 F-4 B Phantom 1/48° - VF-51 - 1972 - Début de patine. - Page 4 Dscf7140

- - - -

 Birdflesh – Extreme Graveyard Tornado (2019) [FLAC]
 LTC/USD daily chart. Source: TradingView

- - - -

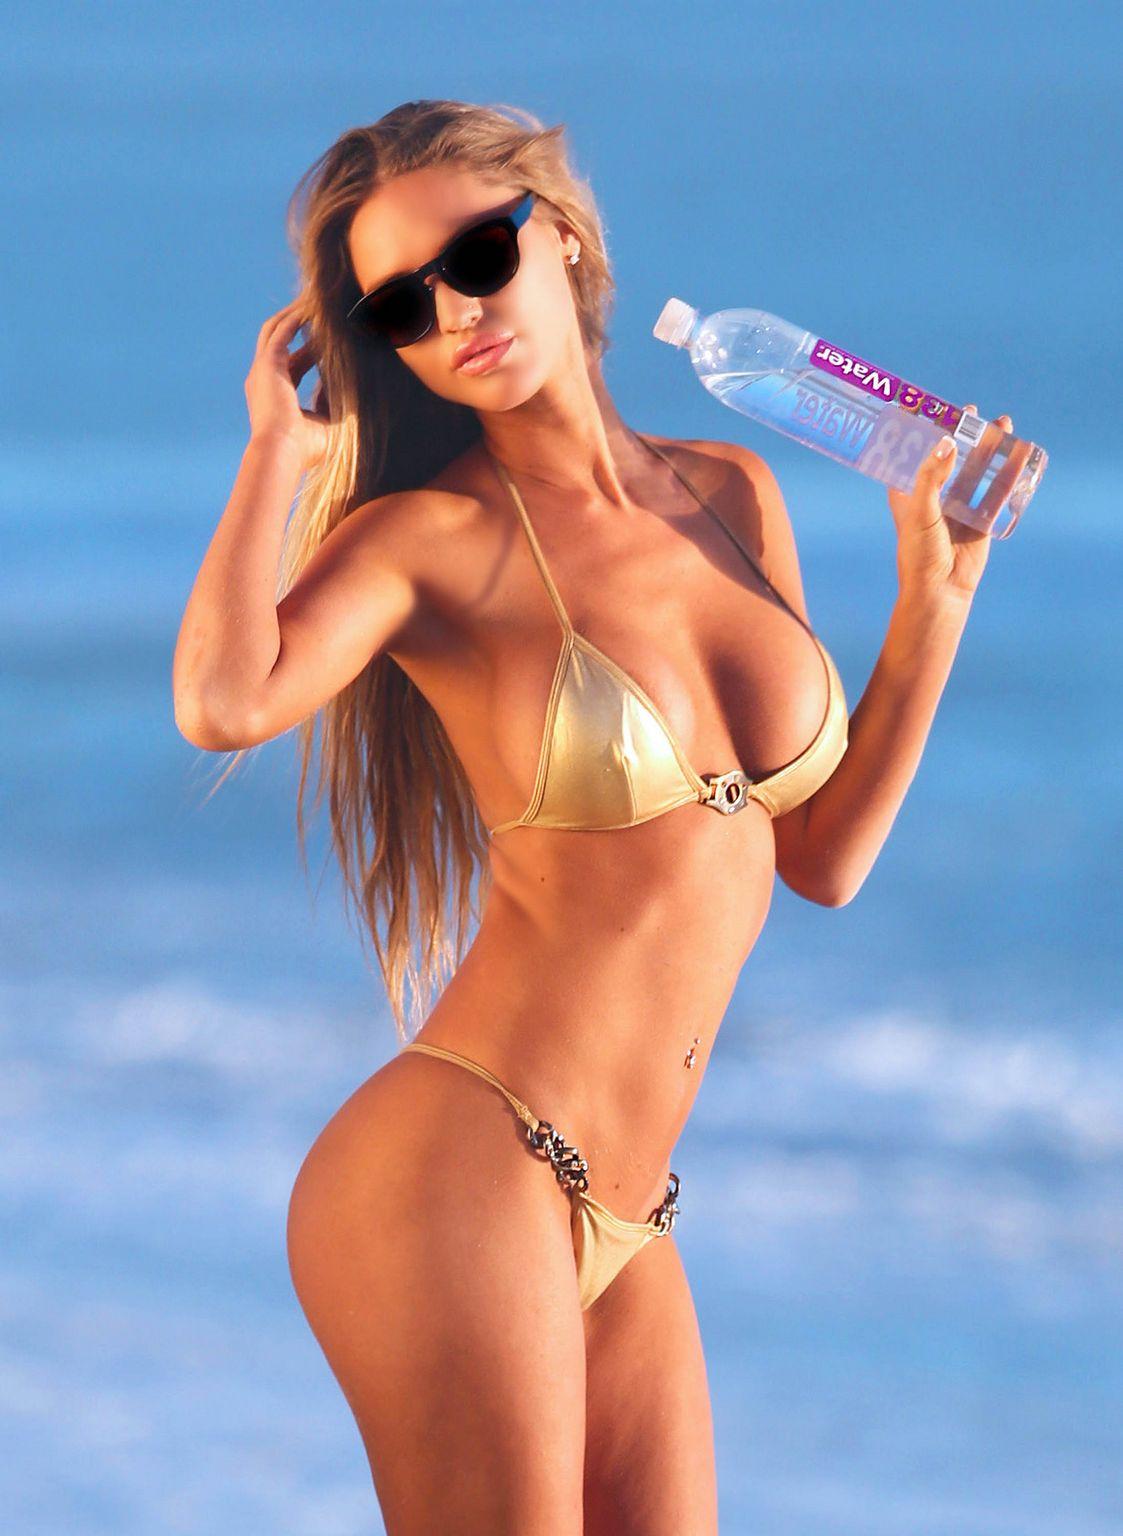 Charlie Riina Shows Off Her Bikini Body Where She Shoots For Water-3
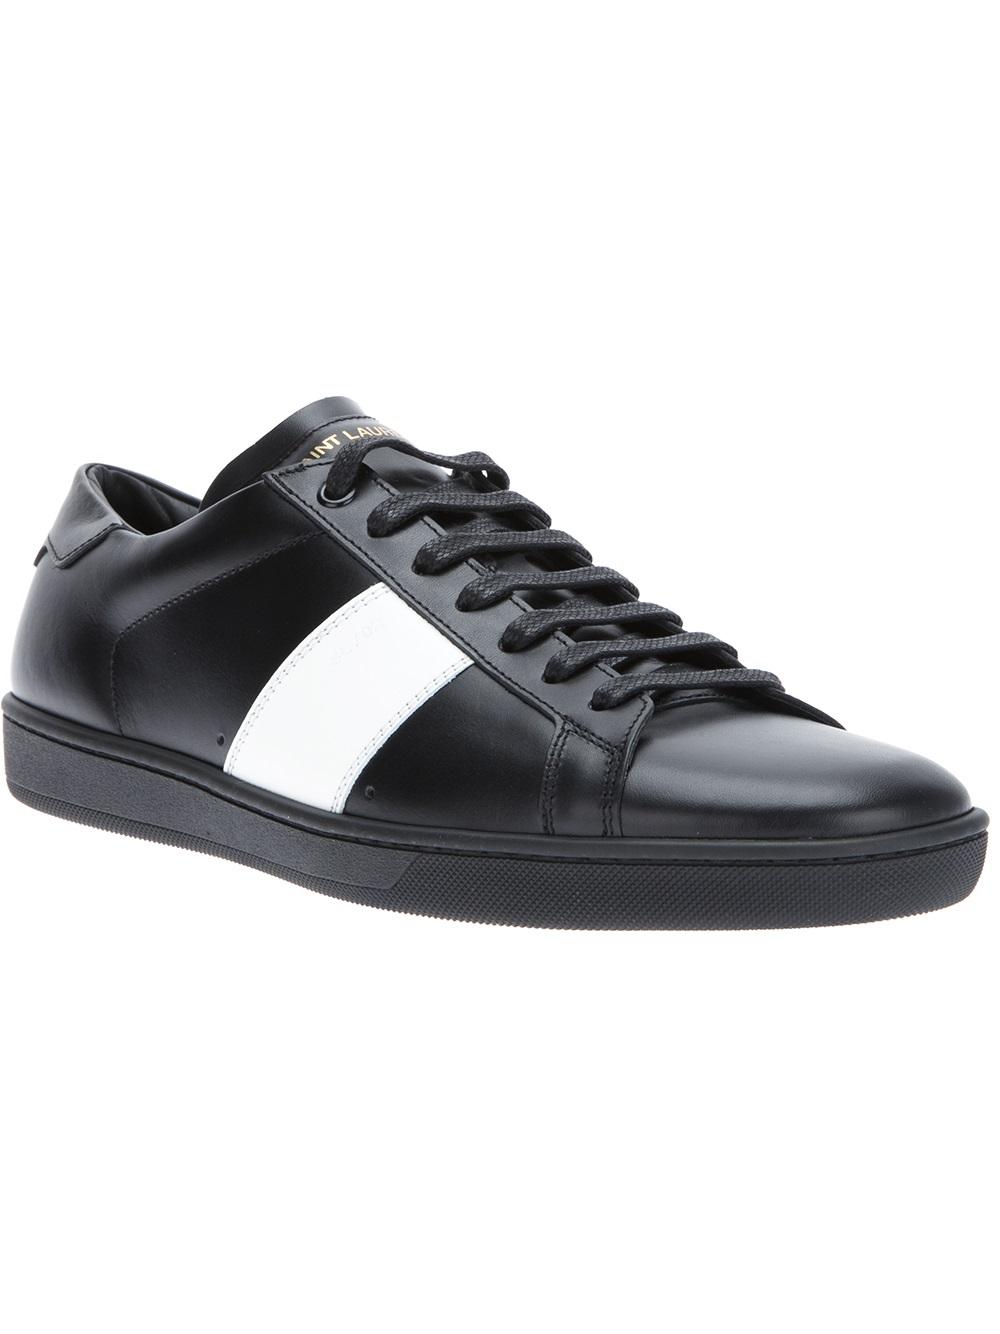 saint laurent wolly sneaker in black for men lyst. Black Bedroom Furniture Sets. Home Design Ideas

- - - -

» **What you will do**: Above are records; write out the lines from the one with "Charlie Riina Shows" down to the one with "saint laurent wolly", exactly, leaving the pictures out.

» **Output of the task**:
 Charlie Riina Shows Off Her Bikini Body Where She Shoots For Water-3
 saint laurent wolly sneaker in black for men lyst. Black Bedroom Furniture Sets. Home Design Ideas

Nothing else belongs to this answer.